Affinity on Cray XC40

Introduction

Each KNL node on Theta has 32 tiles, each with 2 physical cores. Each physical core has 4 hardware threads, for a total of 64 physical cores and 256 hardware threads per KNL node. When a parallel job is run, the job must have some way of mapping specific ranks or threads to each of the 256 hardware threads. Mapping is typically done by an “affinity mask”, which assigns hardware threads to each MPI rank or thread to use.

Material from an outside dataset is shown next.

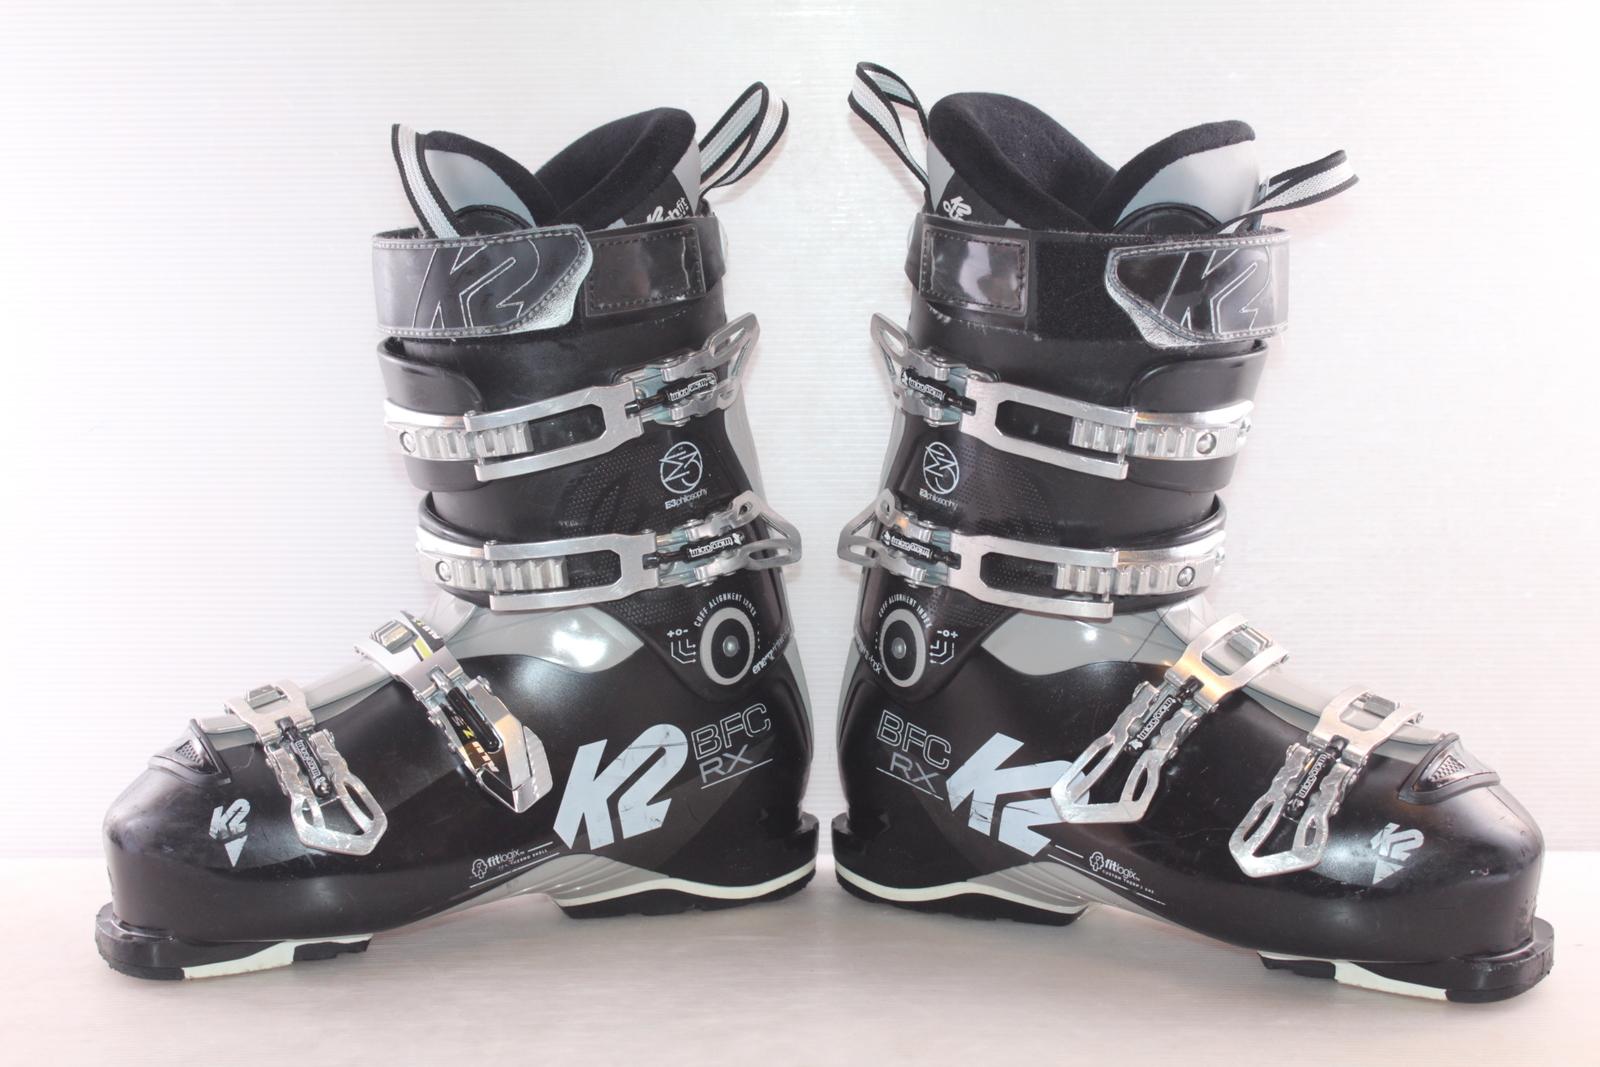 Lyžařské boty K2 BFC RX vel. EU42.5 flexe 90

A visual representation of two tiles in a KNL is shown below. Each tile is represented by a large white rectange. The two large grey squares in each tile represent the physical cores. Inside of each core are four hardware threads, represented by splitting the grey box into four quadrants. The numbers inside the quadrants identify the specific hardware threads in the core. That is, hardware threads 0, 64, 128, and 192 are the 4 hardware threads on the first physical core. Hardware threads 1, 65, 129, and 193 are the 4 hardware threads that share the second physical core. Since there are 256 hardware threads (or logical cores), the numbers run from 0 to 255. For i from 0 to 63, hardware threads i, i+64, i+64*2, and i+64*3 share a physical core.

 

Using the -j, -d, and --cc arguments to aprun and environment variables, MPI ranks and threads can be assigned to run on specific hardware threads. For more information about the flags to aprun, see Running Jobs on XC40. Four examples of using aprun are given below followed by descriptions of two methods for displaying the mapping produced.

 

Note that logical core and hardware thread are used interchangeably below.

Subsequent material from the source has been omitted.